Igual que en Buenos Aires, los profesores y los estudiantes se echan a la calle en Madrid y en Valencia para protestar contra el acoso permanente hacia la enseñanza pública, pero muchos de ellos se quejan de la indiferencia de la ciudadanía y la hostilidad de los medios serviles, beneficiarios de fondos cuantiosos que quizás fueran más útiles si se dedicaran a mejorar las escuelas. Durante años he notado en mis amigos profesores una mezcla de cansancio y del cotidiano heroísmo de hacer bien un trabajo que saben esencial. Ahora lo que transmiten es sobre todo desolación. “La desgana, el agotamiento y el hartazgo están al alza entre los docentes” me escribe uno de ellos, al que conocí enérgico y animoso hace unos años. “Justo antes de los recortes, en mi centro educativo, había 77 profesores y 790 alumnos; hoy somos 72 profesores para 820 alumnos. La consecuencia es una ratio disparatada: tenemos muchos grupos de más de 30 alumnos, a veces en aulas diminutas. Incluso hay un grupo de 2º de Bachillerato de ¡37 alumnos! Los profesores solemos decir, contra los políticos y pedagogos, que la verdadera reforma educativa consiste básicamente en arreglar la ratio, pues dar hoy día clase a más de 25 alumnos vuelve imposible el tan cacareado ideal de la atención personalizada al estudiante”.

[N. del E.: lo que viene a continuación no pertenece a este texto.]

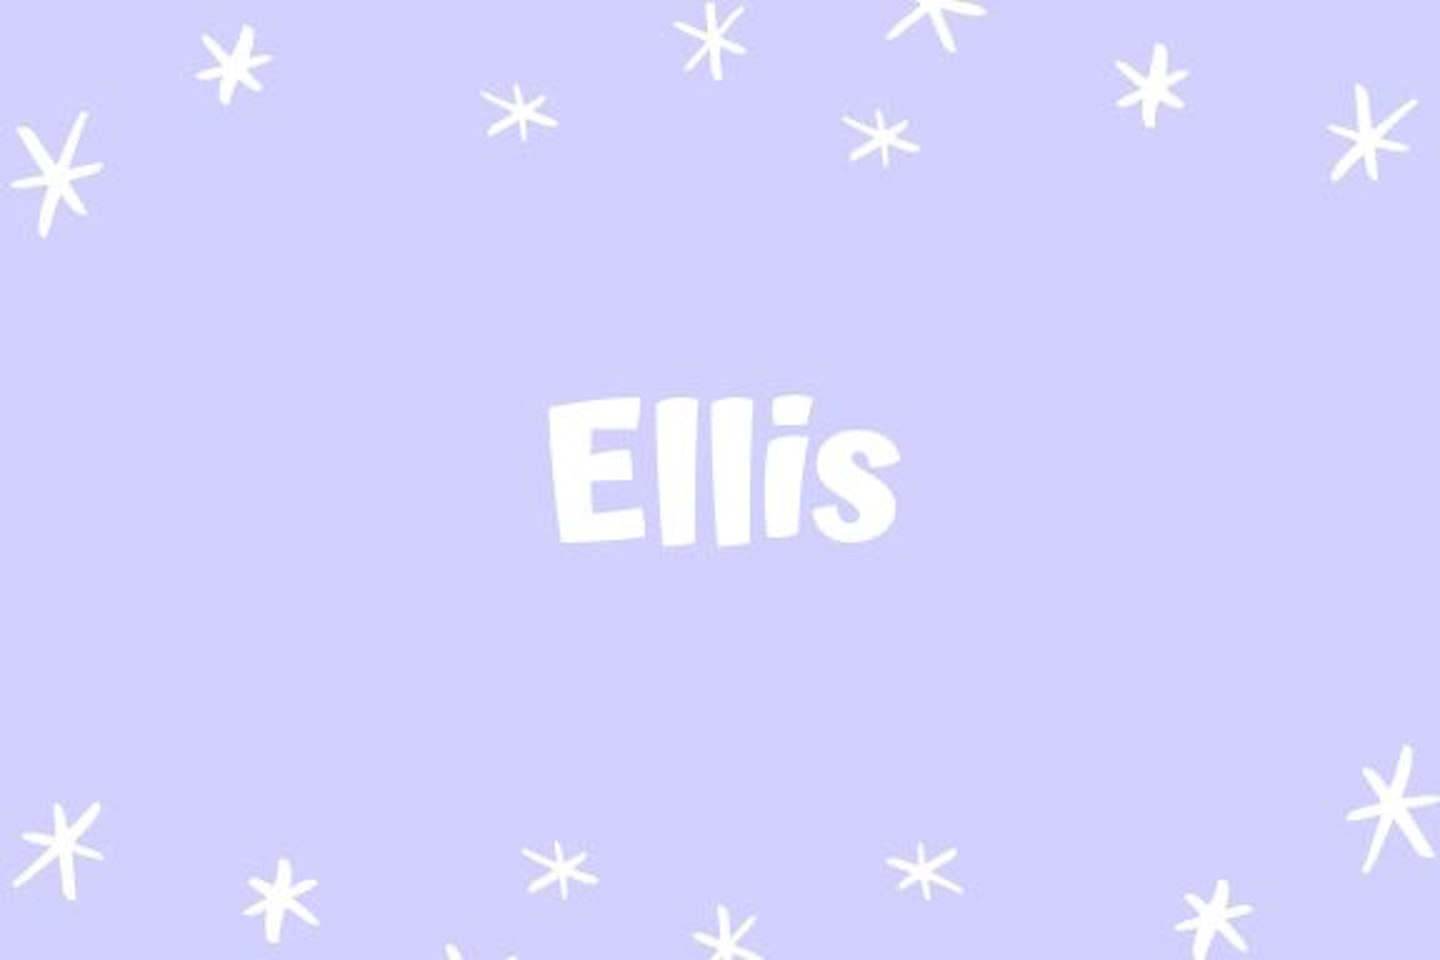 Ellis

A veces las movilizaciones obtienen resultados, aunque no siempre los previstos. En Valencia, al día siguiente de una gran manifestación de protesta, el Gobierno regional anuló de golpe una convocatoria de 5.000 plazas de profesores. No es que el sueño de la instrucción pública no llega a culminarse en España: es que está siempre en el aire. Apenas habíamos conquistado algo y ya estamos perdiéndolo.